To: Dave Chinner <david@xxxxxxxxxxxxx>
Subject: Re: [PATCH block/for-linus] writeback: fix syncing of I_DIRTY_TIME inodes
From: Eryu Guan <eguan@xxxxxxxxxx>
Date: Thu, 20 Aug 2015 22:01:45 +0800
Cc: Tejun Heo <tj@xxxxxxxxxx>, Jens Axboe <axboe@xxxxxxxxx>, Jan Kara <jack@xxxxxxx>, linux-kernel@xxxxxxxxxxxxxxx, xfs@xxxxxxxxxxx, axboe@xxxxxx, Jan Kara <jack@xxxxxxxx>, linux-fsdevel@xxxxxxxxxxxxxxx, kernel-team@xxxxxx
Delivered-to: xfs@xxxxxxxxxxx
In-reply-to: <20150820061224.GG17933@xxxxxxxxxxxxxxxxxxxxxxxxxx>
References: <20150812101204.GE17933@xxxxxxxxxxxxxxxxxxxxxxxxxx> <20150813004435.GN3902@dastard> <20150813224415.GG4496@xxxxxxxxxxxxxxx> <20150814111408.GB8710@xxxxxxxxxxxxx> <20150817200254.GG21075@xxxxxxxxxxxxxxx> <20150818091603.GA12317@xxxxxxxxxxxxx> <20150818174718.GA15739@xxxxxxxxxxxxxxx> <20150818195439.GB15739@xxxxxxxxxxxxxxx> <20150818215611.GD3902@dastard> <20150820061224.GG17933@xxxxxxxxxxxxxxxxxxxxxxxxxx>
User-agent: Mutt/1.5.23 (2014-03-12)
On Thu, Aug 20, 2015 at 02:12:24PM +0800, Eryu Guan wrote:
> On Wed, Aug 19, 2015 at 07:56:11AM +1000, Dave Chinner wrote:
> > On Tue, Aug 18, 2015 at 12:54:39PM -0700, Tejun Heo wrote:
> > > Hello,
> > > 
> > > On Tue, Aug 18, 2015 at 10:47:18AM -0700, Tejun Heo wrote:
> > > > Hmm... the only possibility I can think of is tot_write_bandwidth
> > > > being zero when it shouldn't be.  I've been staring at the code for a
> > > > while now but nothing rings a bell.  Time for another debug patch, I
> > > > guess.
> > > 
> > > So, I can now reproduce the bug (it takes a lot of trials but lowering
> > > the number of tested files helps quite a bit) and instrumented all the
> > > early exit paths w/o the fix patch.  bdi_has_dirty_io() and
> > > wb_has_dirty_io() are never out of sync with the actual dirty / io
> > > lists even when the test 048 fails, so the bug at least is not caused
> > > by writeback skipping due to buggy bdi/wb_has_dirty_io() result.
> > > Whenever it skips, all the lists are actually empty (verified while
> > > holding list_lock).
> > > 
> > > One suspicion I have is that this could be a subtle timing issue which
> > > is being exposed by the new short-cut path.  Anything which adds delay
> > > seems to make the issue go away.  Dave, does anything ring a bell?
> > 
> > No, it doesn't.

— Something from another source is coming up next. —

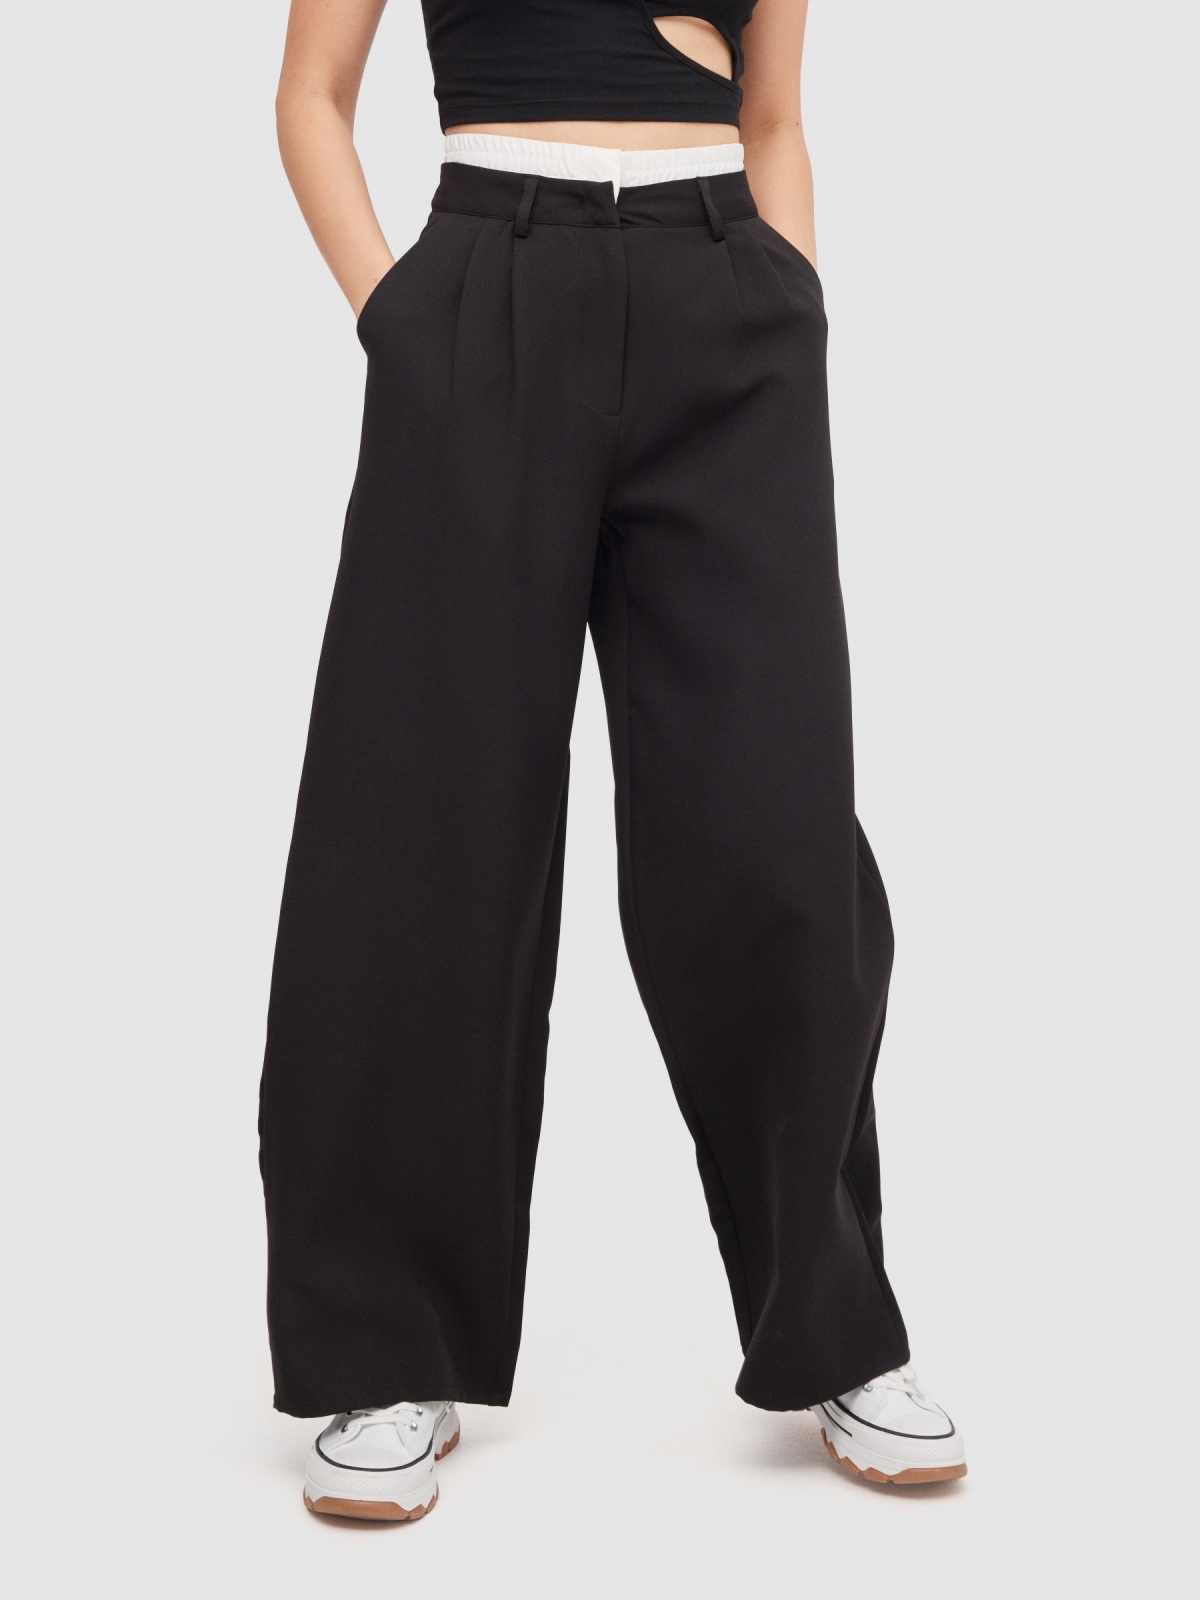 Pantalón tailoring cinturilla rizada negro vista media frontal

The data writeback mechanisms XFS uses are all
> > generic. It marks inodes I_DIRTY_PAGES and lets the generic code
> > take care of everything else. Yes, we do delayed allocation during
> > writeback, and we log the inode size updates during IO completion,
> > so if inode sizes are not getting updated, then Occam's Razor
> > suggests that writeback is not happening.
> > 
> > I'd suggest looking at some of the XFS tracepoints during the test:
> > 
> > tracepoint                  trigger
> > xfs_file_buffered_write             once per write syscall
> > xfs_file_sync                       once per fsync per inode
> > xfs_vm_writepage            every ->writepage call
> > xfs_setfilesize                     every IO completion that updates inode 
> > size
> 
> I gave the tracepoints a try, but my root fs is xfs so I got many
> noises. I'll try to install a new vm with ext4 as root fs. But I'm not
> sure if the new vm could reproduce the failure, will see.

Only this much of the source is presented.